Certain Asthma Medications Discontinued

(June 17, 2011)

The U.S. Food and Drug Administration is gradually removing seven metered-dose inhalers (MDI) used to treat asthma and chronic obstructive pulmonary disease (COPD) from the U.S. marketplace. These inhalers contain ozone-depleting chlorofluorocarbons (CFCs), which are propellants that move medication out of the inhaler and into the lungs of patients. Alternative medications that do not contain CFCs are available. These medicines contain hydrofluoroalkanes, are called HFA’s and do not deplete the ozone.

Aerobid ® is the latest CFC inhaler and will be discontinued as of June 30, 2011. Aerobid ® is a long-term control medicine that helps keep you from having asthma symptoms. It works by reducing the swelling in your airways. When your airways swell they narrow inside, making it hard to breathe.

In order for your long-term control medicine to work, you need to take it every day as prescribed, even when you are feeling well. If you are currently taking Aerobid ®, it is important that you talk to your health care provider before June 30th to find a new medicine that you can start taking right away to avoid worsening symptoms and keep your asthma in good control.

Click to learn more about asthma medicines.

Primatene® Mist, the only asthma medicine available over-the-counter, is also being discontinued and will no longer be available after December 31st, 2011. Primatene® Mist is a quick-relief medication that helps relieve asthma symptoms when you are having an asthma episode, or attack. Symptoms include shortness of breath, wheezing, coughing or a tight feeling in your chest. Since you never know when or where you may experience asthma symptoms, everyone with asthma should have a quick-relief inhaler with them at all times. It is important that you talk with your health care provider to find a quick-relief inhaler that is right for you.

Millions of Americans have trouble affording prescription medicines.  Fortunately, there are services available that can help.

If you are using Aerobid® or Primatene Mist, follow these steps to ensure you have the best replacement medicines to keep your asthma in good control:

  • Call your health care provider and ask for a 30 minute appointment.

    Asthma patients who spend as little at 30 minutes with a health care professional to develop a personal management plan are better able to stick to their treatment plan, and experience better symptom control, according to a study by a team of researchers at the University of California, San Francisco .  Get the most out of your next doctor visit by Making Your Medical Care Visits More Satisfying.
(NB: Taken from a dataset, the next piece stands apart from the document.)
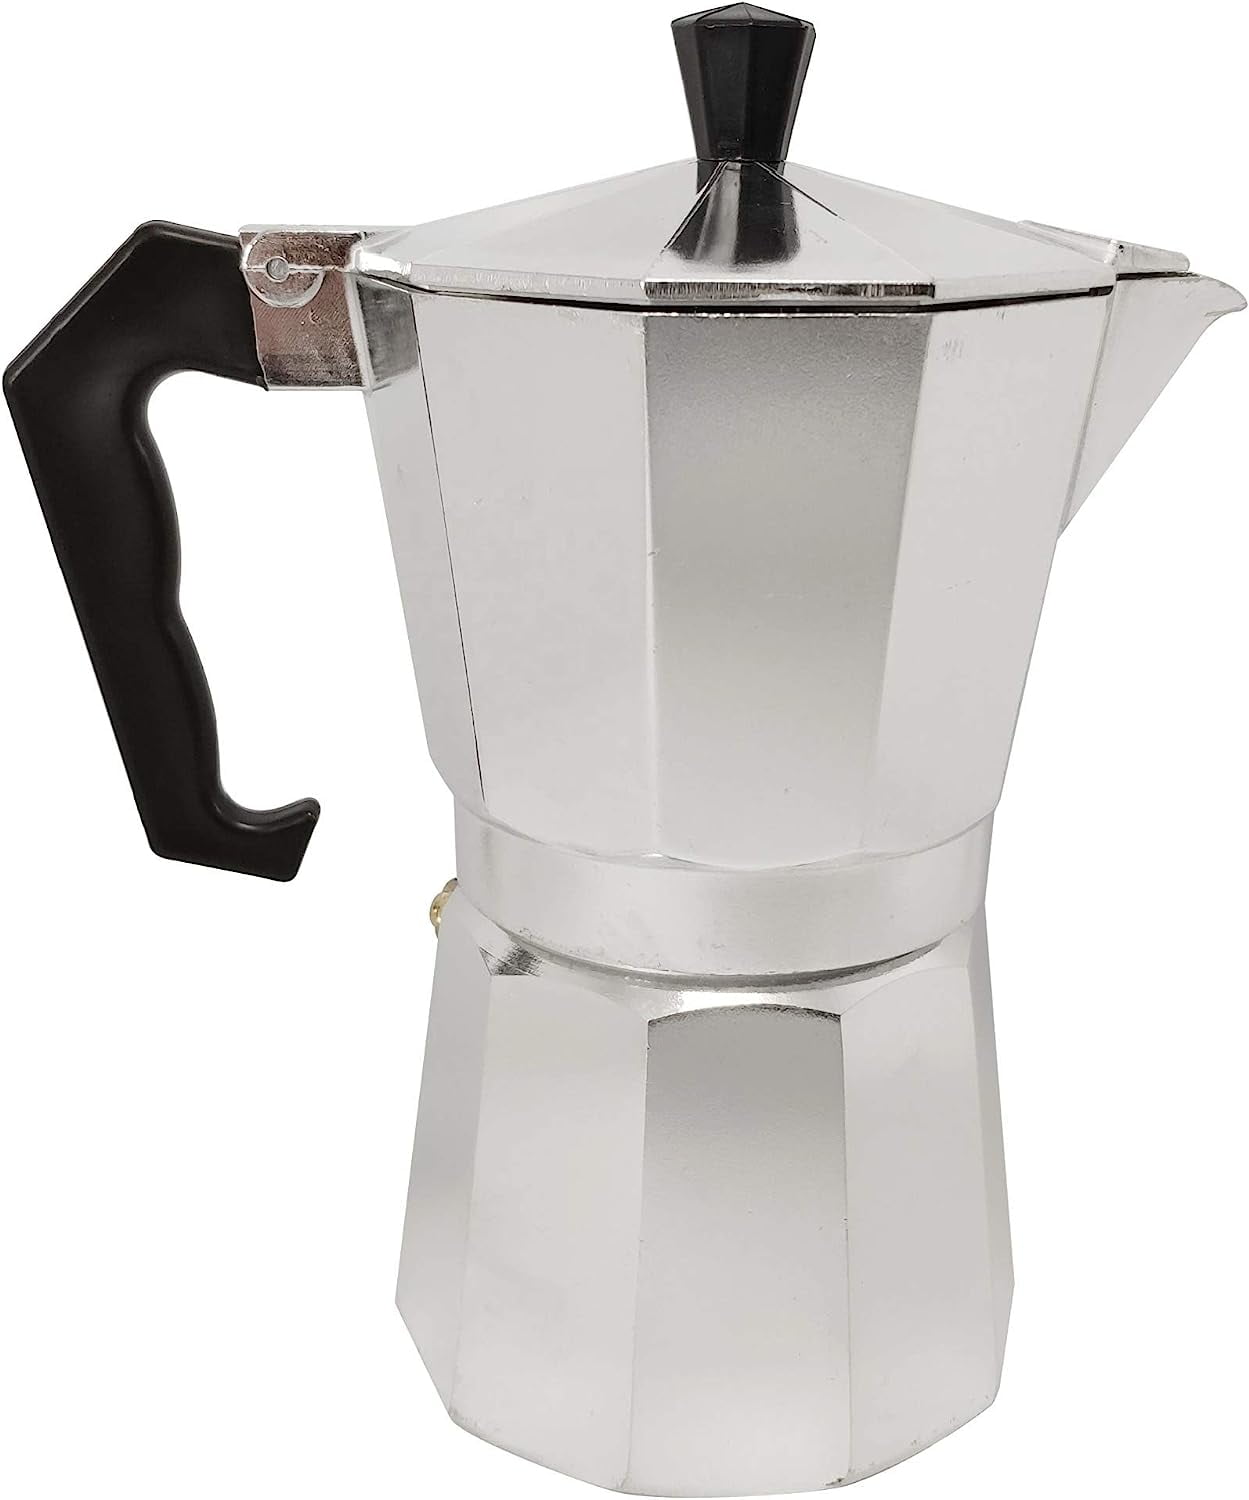 MVPLUE Classic Stovetop Espresso Maker 6 Cup ，Moka Pot Aluminum  Silver，Cuban Coffee Maker， Make Delicious Coffee Easily at Home And Camping

  • Create an asthma action plan.

    An asthma action plan is a written, individualized worksheet that lists your asthma medicines, their correct dosage and when to take them. It provides guidance on what to do when asthma symptoms get worse, and what to do during a breathing emergency. Click here to download an Asthma Action Plan (Español) that you can take to your next health care visit.

  • Learn how to take your medicine correctly.

    All asthma inhalers are not the same. To get the most medicine out of your new inhaler you may need to breathe-in (inhale) differently. Ask your health care provider to watch you use your inhaler to make sure you are doing it correctly.

  • Use a valved holding chamber or spacer.

    A valved holding chamber or spacer is a device that is placed on the mouthpiece of your quick relief inhaler. When used, they create “space” between your mouth and the medicine. This space helps the medicine break into smaller droplets. The smaller droplets can move easier and deeper into your lungs when you breathe in your medicine. There are several types to choose from and are available by prescription only, so ask your health care provider which device may work best for you.

Four of the seven medicines were discontinued in 2010: Tilade®, Alupent®, Azmacort® and Intal®. Combivent® and Maxair Autohaler® will be discontinued in 2013.


Study findings are published in the April 2009 issue of The Journal of Allergy and Clinical Immunology.